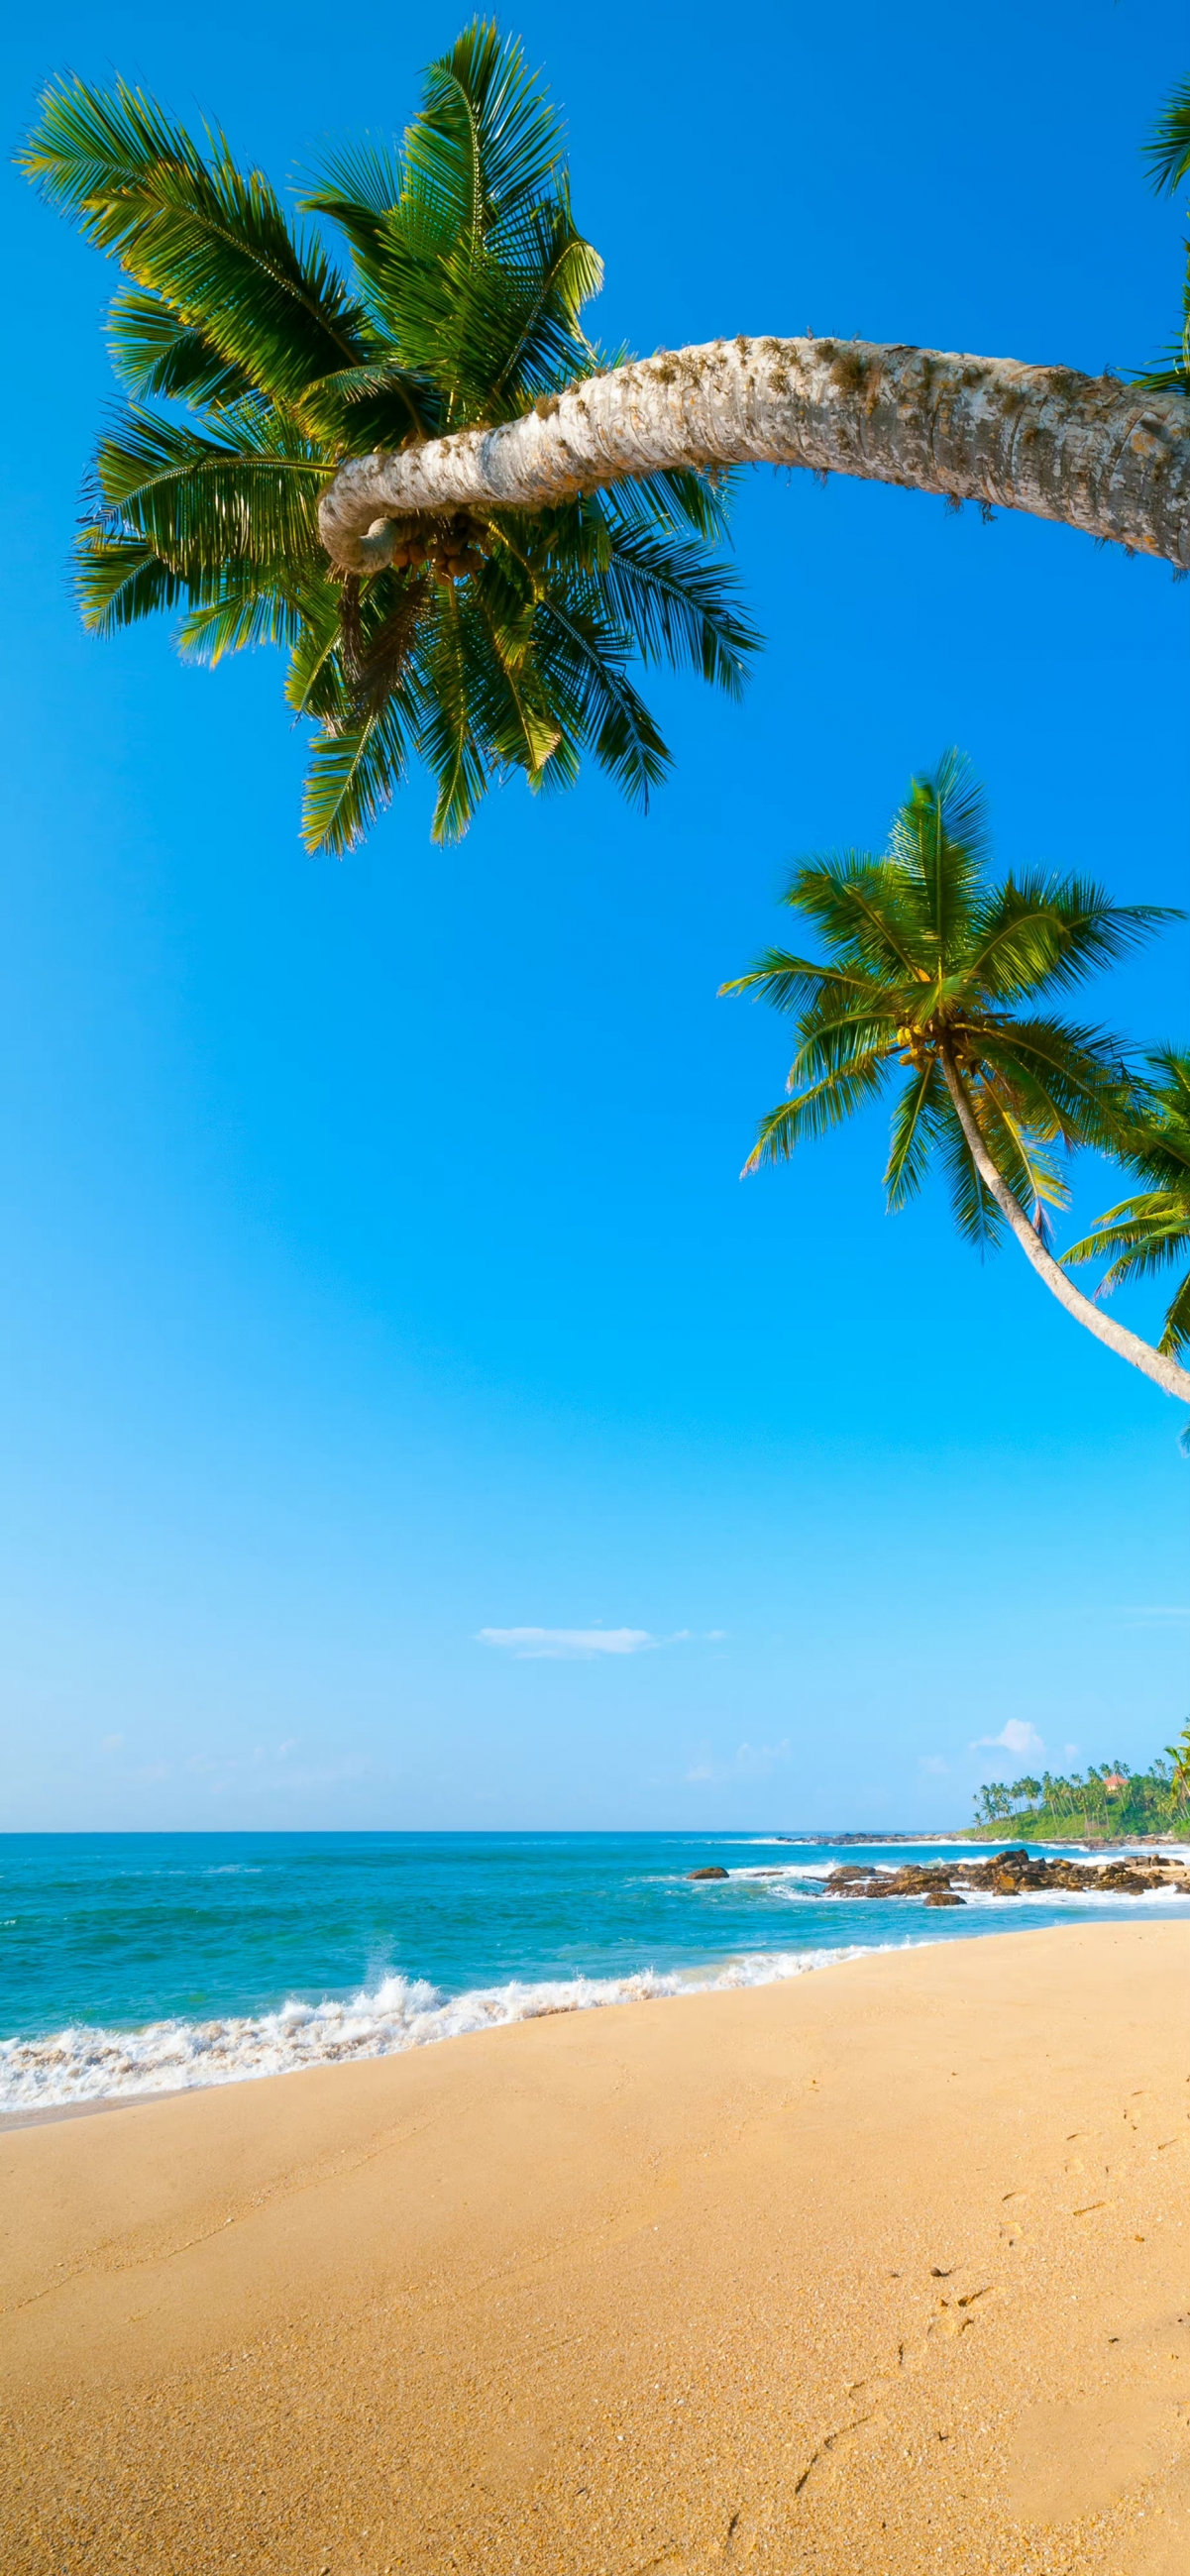 大海 沙滩 椰树 高清 4k 全屏风景手机壁纸
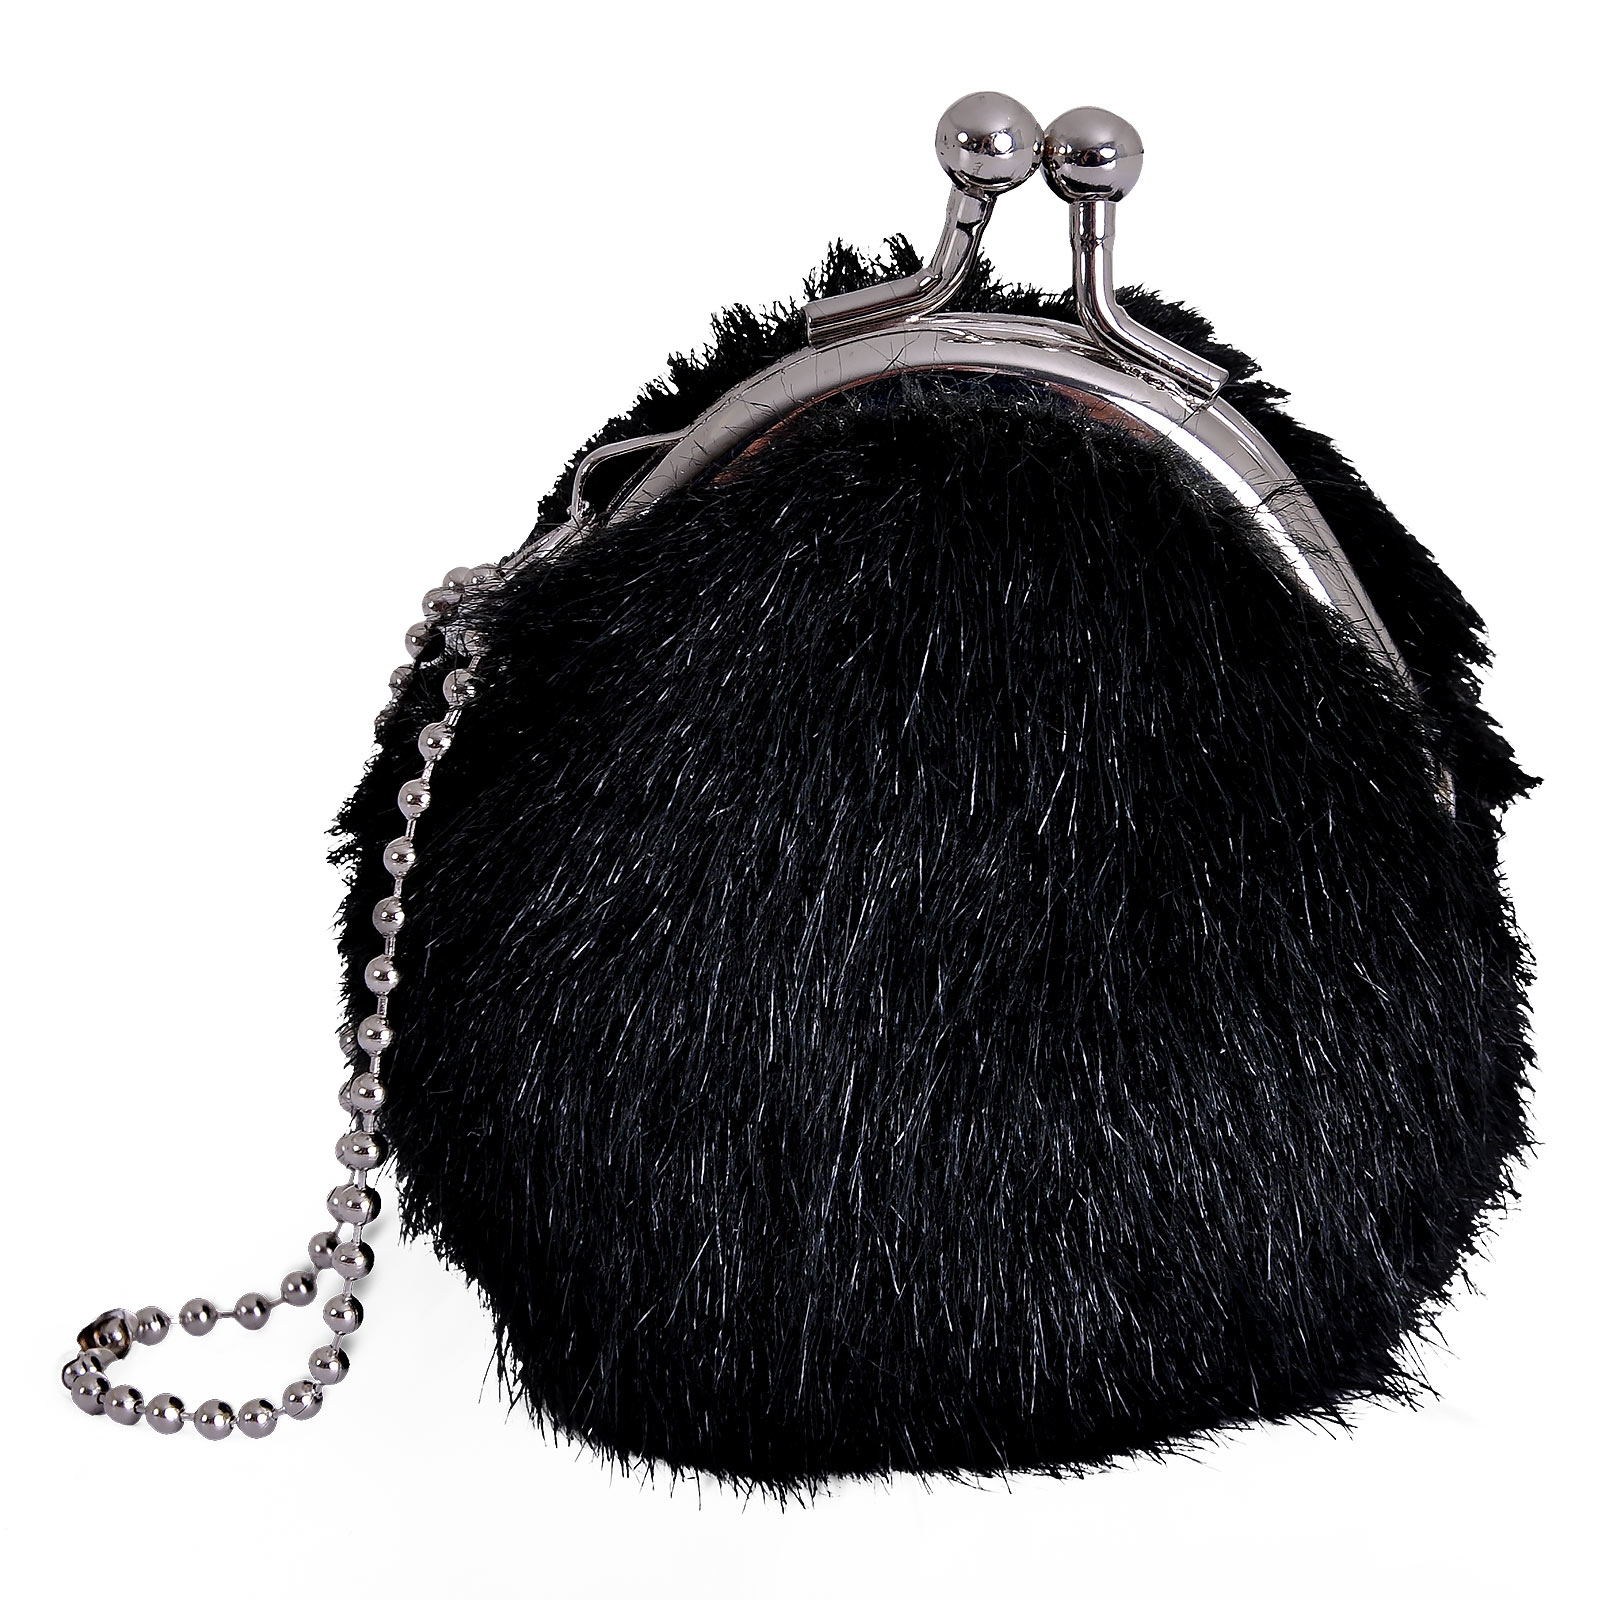 Totoro - Rußmännchen Plüsch Kleingeldbörse
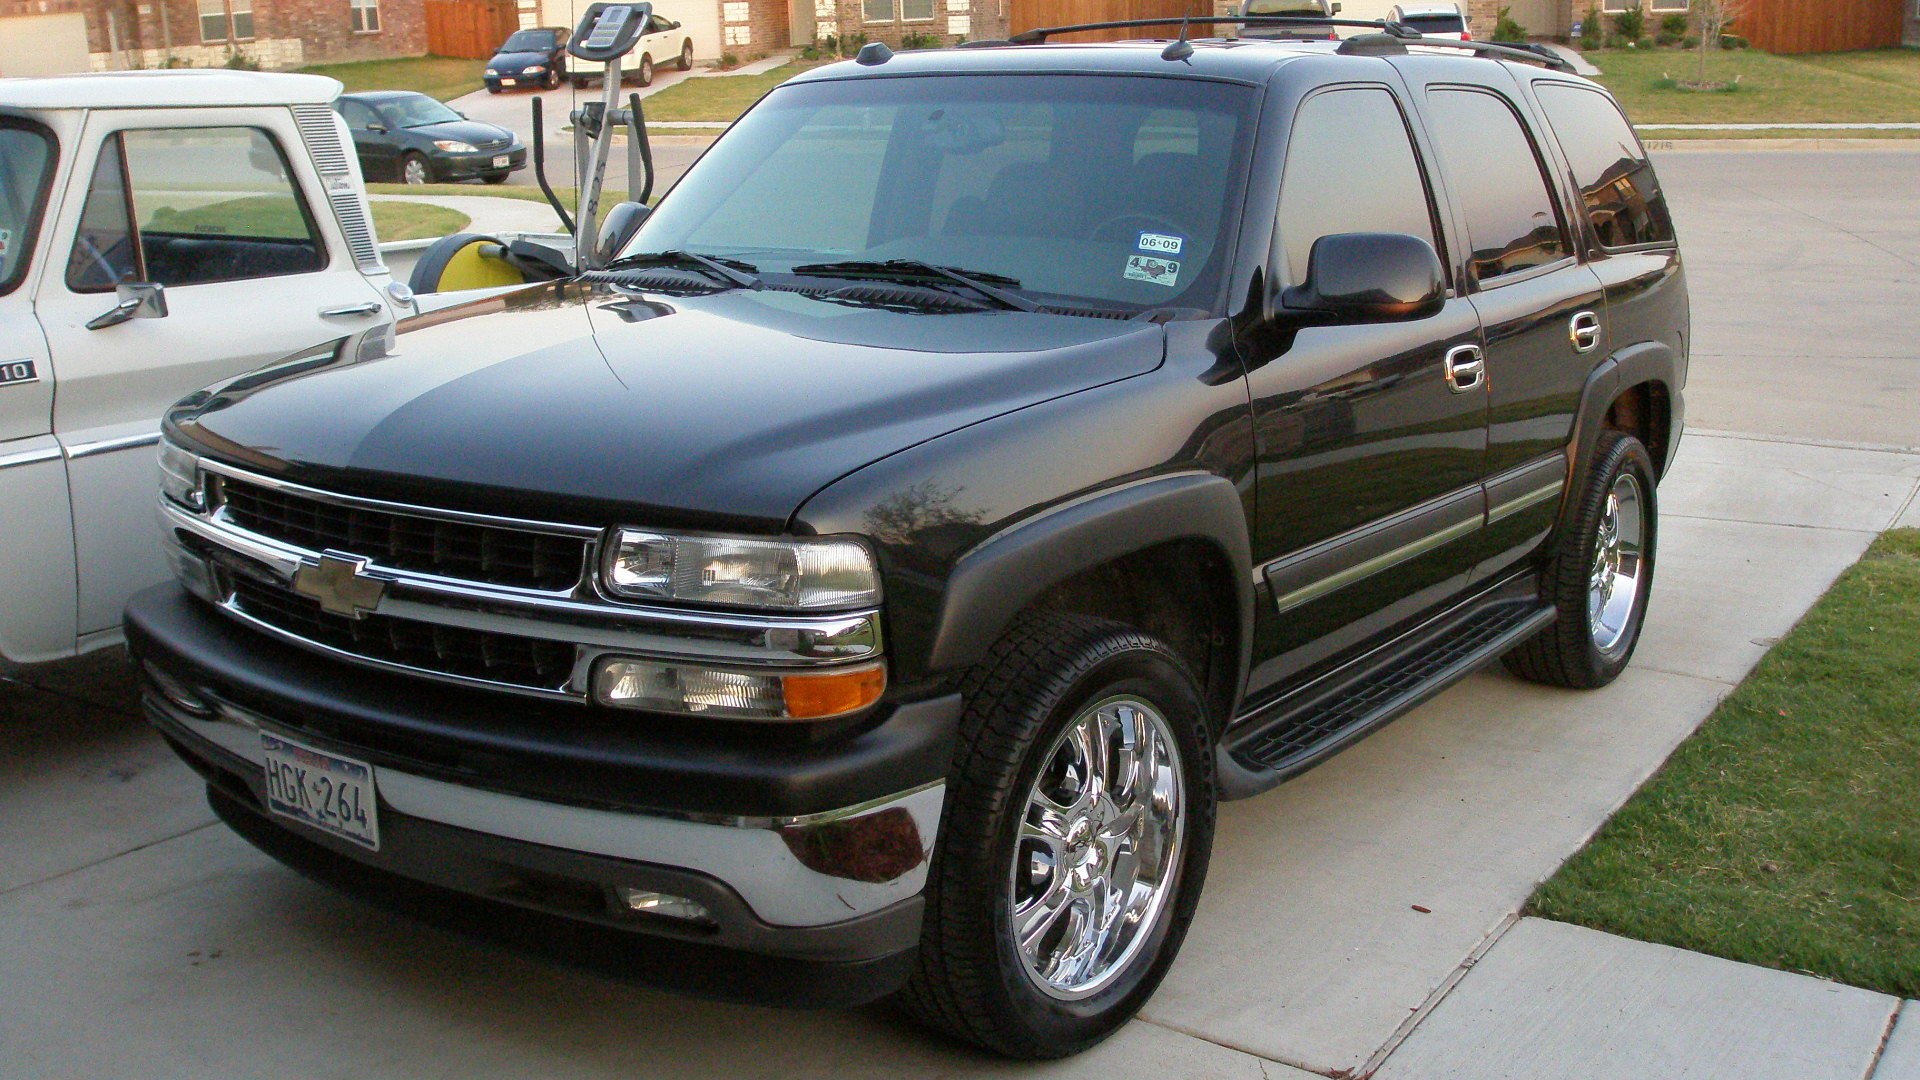 Chevrolet Tahoe 2005

-- Task details --
Please, leaving out all pictures, transcribe exactly the lines above from the one containing "Totoro - Rußmännchen Plüsch Kleingeldbörse" through the final line, both included.

-- Reply --
 Totoro - Rußmännchen Plüsch Kleingeldbörse
 Chevrolet Tahoe 2005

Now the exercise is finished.